Descriptive complexity for pictures languages (extended abstract)

TL;DR

This paper explores the descriptive complexity of picture languages across any dimension using logical fragments, providing uniform characterizations of recognizable languages and cellular automata complexity classes.

Contribution

It generalizes existing characterizations to any dimension and offers the first machine-independent logical characterizations of cellular automata complexity classes.

Findings

Logical characterizations of recognizable picture languages

First machine-independent characterizations of cellular automata complexity

Hierarchy results showing the limits of logical characterizations

Abstract

This paper deals with descriptive complexity of picture languages of any dimension by syntactical fragments of existential second-order logic. - We uniformly generalize to any dimension the characterization by Giammarresi et al. \cite{GRST96} of the class of \emph{recognizable} picture languages in existential monadic second-order logic. - We state several logical characterizations of the class of picture languages recognized in linear time on nondeterministic cellular automata of any dimension.
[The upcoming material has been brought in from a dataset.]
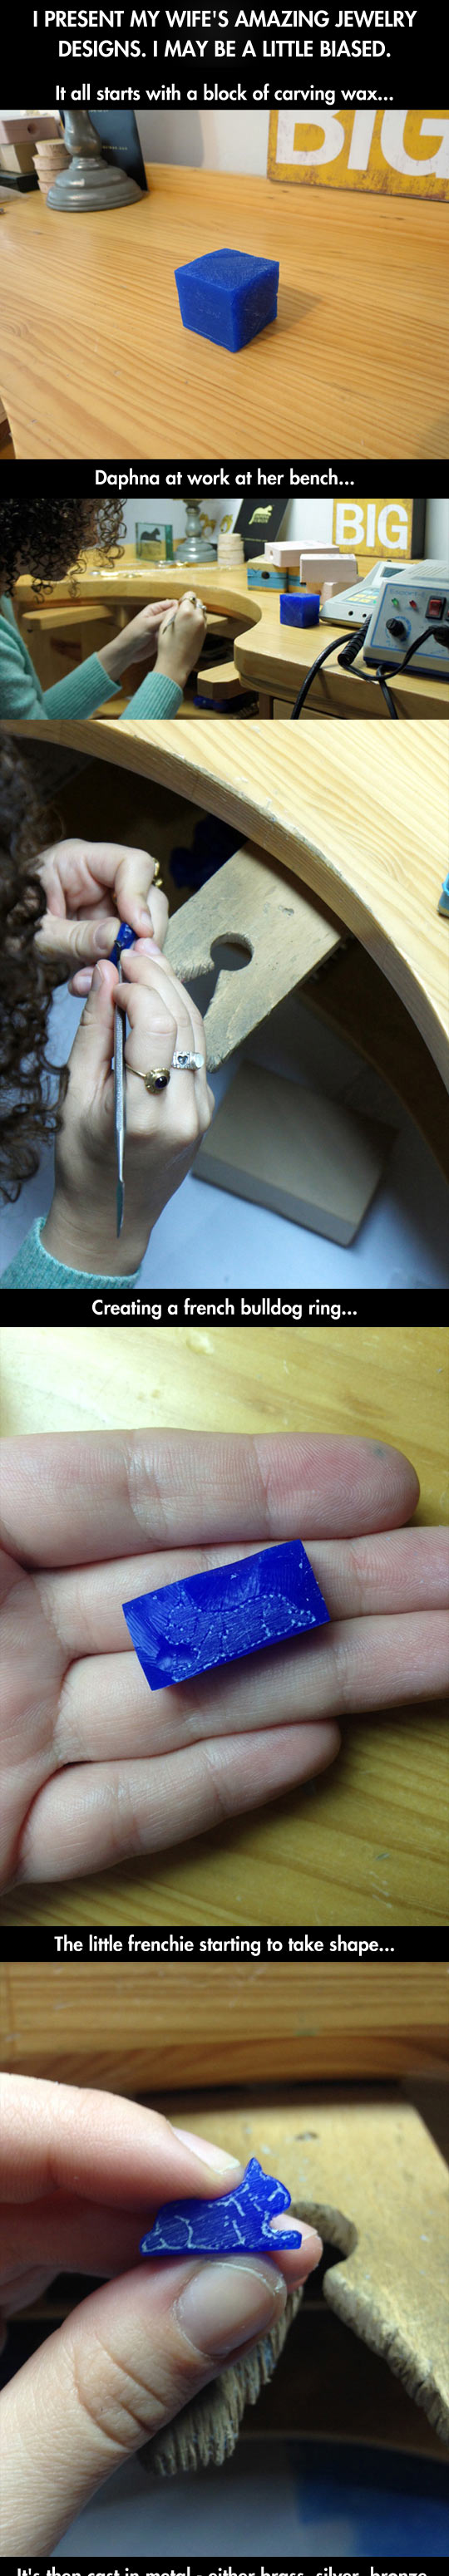 funny-wax-box-jewelry-rings

They are the first machine-independent characterizations of complexity classes of cellular automata. Our characterizations are essentially deduced from normalization results we prove for first-order and existential second-order logics over pictures. They are obtained in a general and uniform framework that allows to extend them to other "regular" structures. Finally, we describe some hierarchy results that show the optimality of our logical characterizations and delineate their limits.